• YOUR INSTRUCTIONS: The task calls for the lines below from the line with "medium resolution of" to the line with "Senses violett suites", both ends included, copied exactly, without any pictures.

• INFORMATION:
* * * *
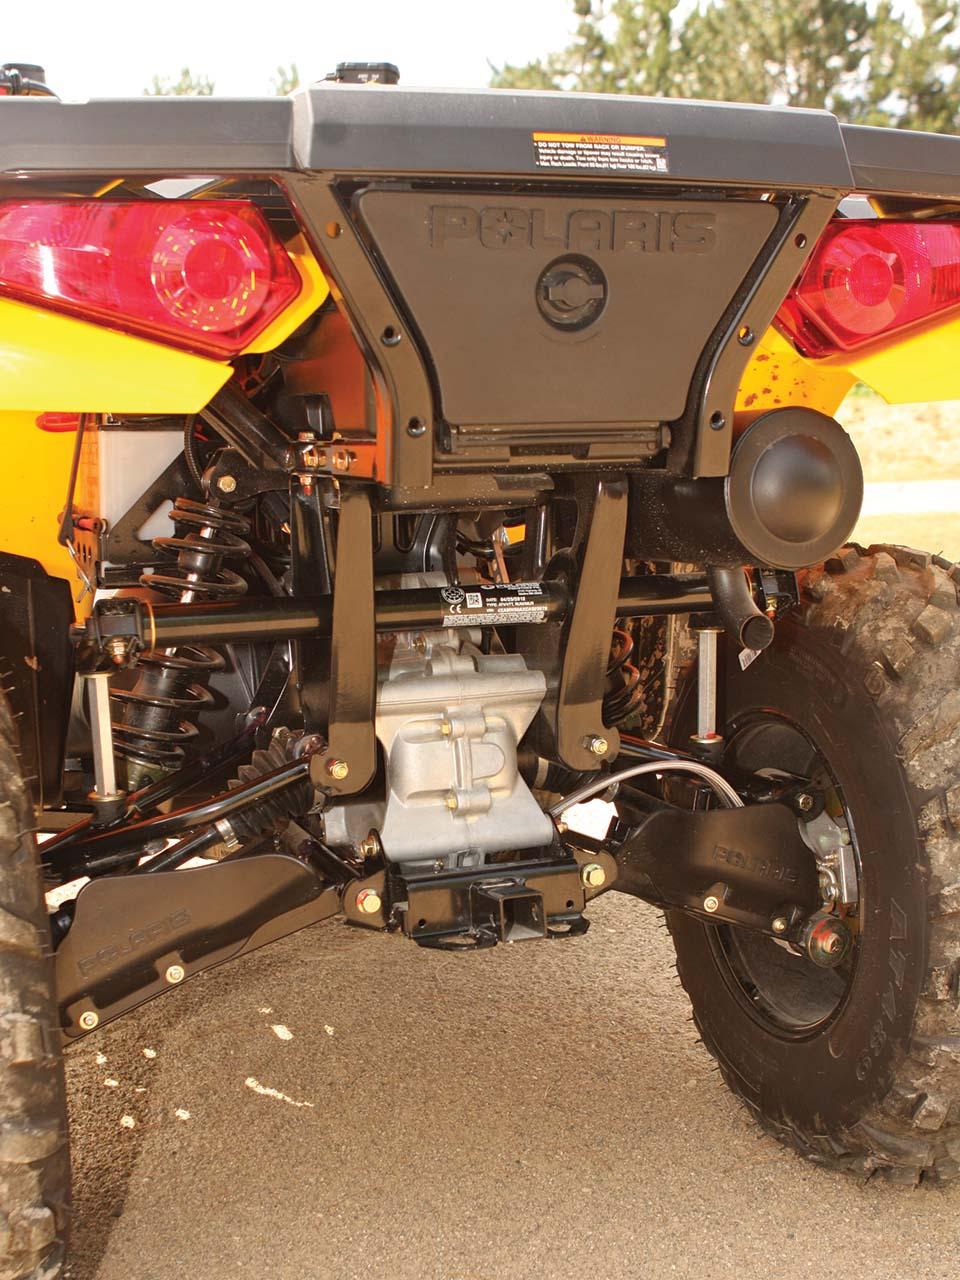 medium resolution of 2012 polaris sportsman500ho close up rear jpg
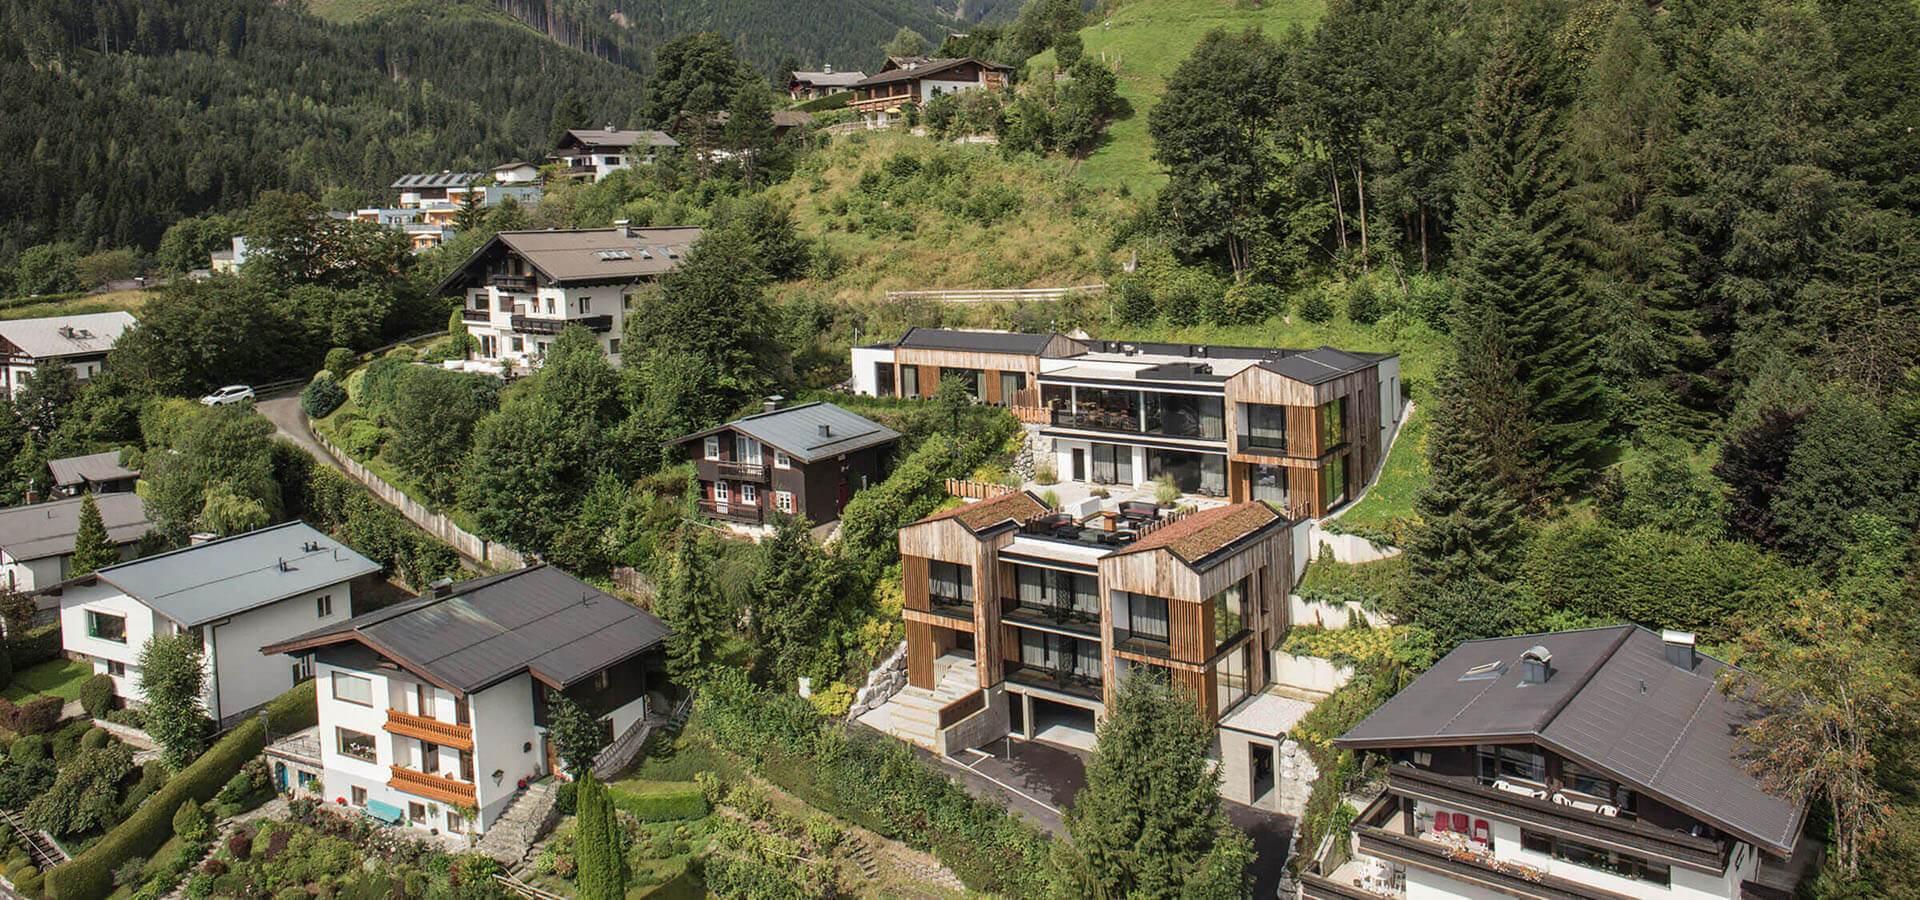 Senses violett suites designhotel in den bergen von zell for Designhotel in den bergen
* * * *
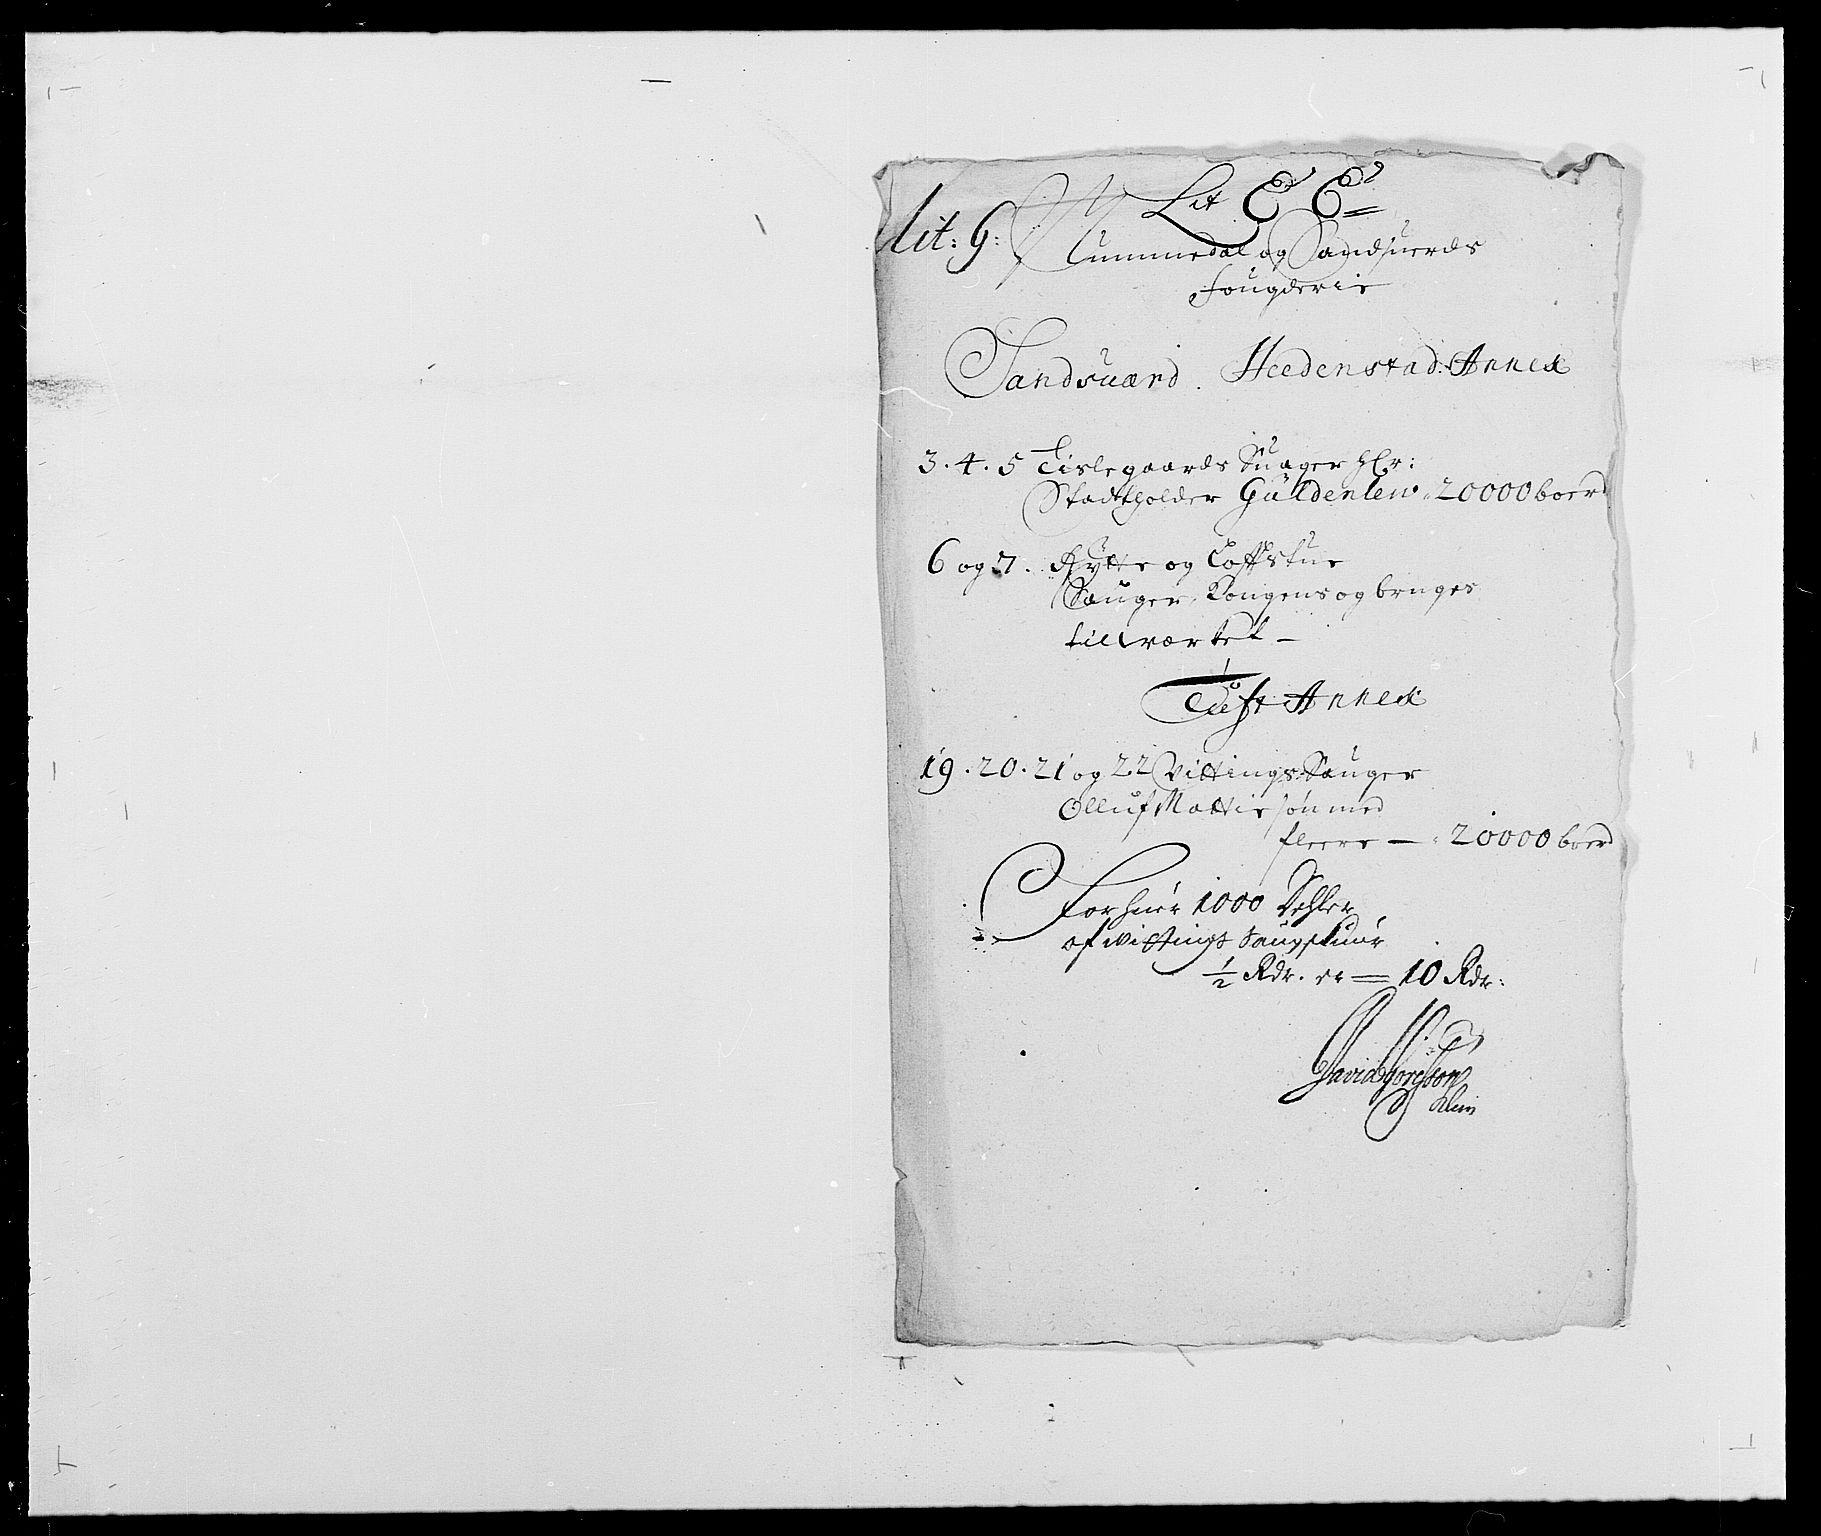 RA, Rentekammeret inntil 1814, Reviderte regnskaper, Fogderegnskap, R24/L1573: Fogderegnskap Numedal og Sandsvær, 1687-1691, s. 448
* * * *
• YOUR SOLUTION:
 medium resolution of 2012 polaris sportsman500ho close up rear jpg
 Senses violett suites designhotel in den bergen von zell for Designhotel in den bergen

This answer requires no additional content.